[LU-10616] replay-single test_70b fails with 'rundbench load on <hostname(s)> failed!' Created: 06/Feb/18  Updated: 24/Jan/23

Status: Open
Project: Lustre
Component/s: None
Affects Version/s: Lustre 2.11.0, Lustre 2.12.0, Lustre 2.13.0, Lustre 2.10.6, Lustre 2.10.7, Lustre 2.12.3, Lustre 2.14.0, Lustre 2.12.5, Lustre 2.15.1
Fix Version/s: None

Type: Bug Priority: Major
Reporter: James Nunez (Inactive) Assignee: Lai Siyao
Resolution: Unresolved Votes: 0
Labels: dne, zfs

Issue Links:
Duplicate
is duplicated by LU-14791 replay-single: rundbench load on trev... Resolved
is duplicated by LU-14813 replay-single: test_70b dbench failed Resolved
Related
is related to LU-15624 replay-single and ost-pools failed: r... Open
is related to LU-16336 LFSCK should fix inconsistencies caus... Open
is related to LU-16065 replay-single test_81a: rm remote dir... Open
Severity: 3
Rank (Obsolete): 9223372036854775807

 Description   

replay-single test_70b fails with two error messages

replay-single test_70b: @@@@@@ FAIL: dbench stopped on some of onyx-31vm1.onyx.hpdd.intel.com,onyx-31vm2!

and later

replay-single test_70b: @@@@@@ FAIL: rundbench load on onyx-31vm1.onyx.hpdd.intel.com,onyx-31vm2 failed! 

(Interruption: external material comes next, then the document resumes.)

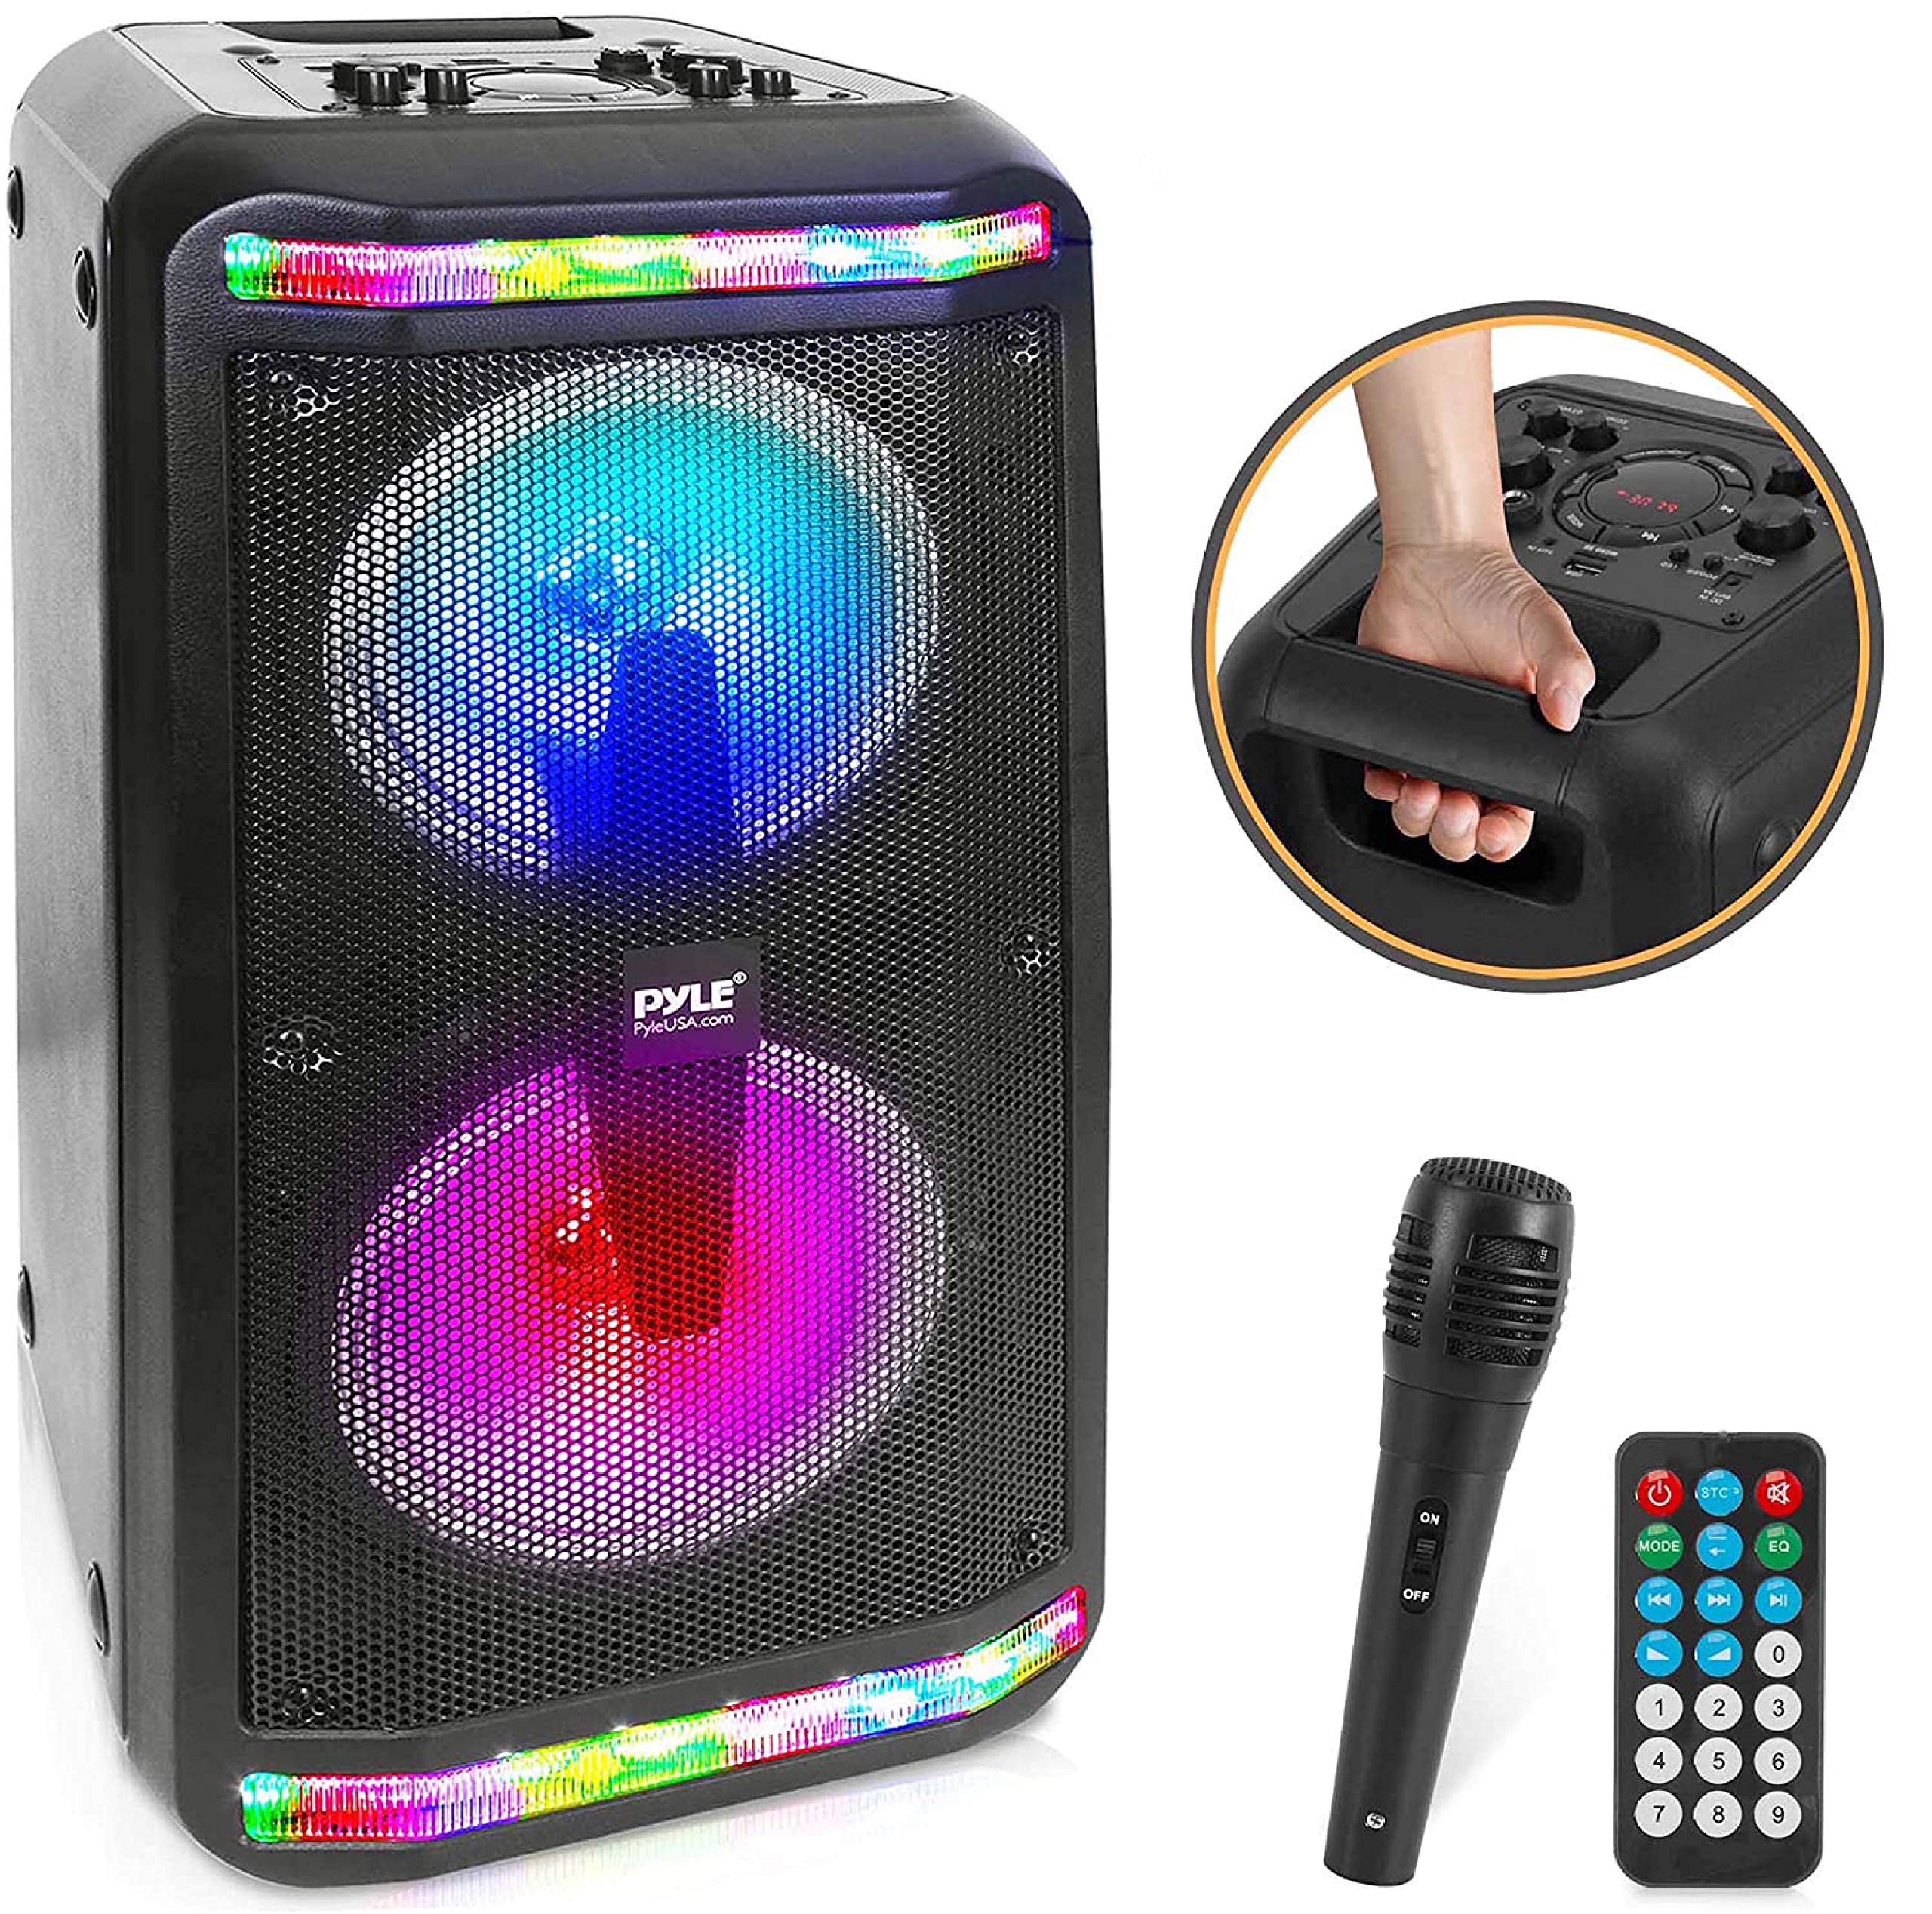 Pyle Bluetooth Speaker & Microphone System - Portable Stereo Karaoke Speaker with Wired Mic, Built-in LED Party Lights, MP3/USB, FM Radio (6.5’’ Subwoofers, 500 Watt MAX) (PPHP266B.5)

Looking at the suite_log, we see

CMD: onyx-31vm1.onyx.hpdd.intel.com,onyx-31vm2 killall -0 dbench
onyx-31vm1: [3] open ./clients/client0 failed for handle 16385 (No such file or directory)
onyx-31vm1: (4) ERROR: handle 16385 was not found
onyx-31vm1: Child failed with status 1
onyx-31vm1: dbench: no process found
onyx-31vm1: dbench: no process found
 replay-single test_70b: @@@@@@ FAIL: dbench stopped on some of onyx-31vm1.onyx.hpdd.intel.com,onyx-31vm2! 

The only thing that looks suspicious in the console logs is on the MDS1, 3

[ 5354.241985] Lustre: DEBUG MARKER: Started rundbench load pid=3403 ...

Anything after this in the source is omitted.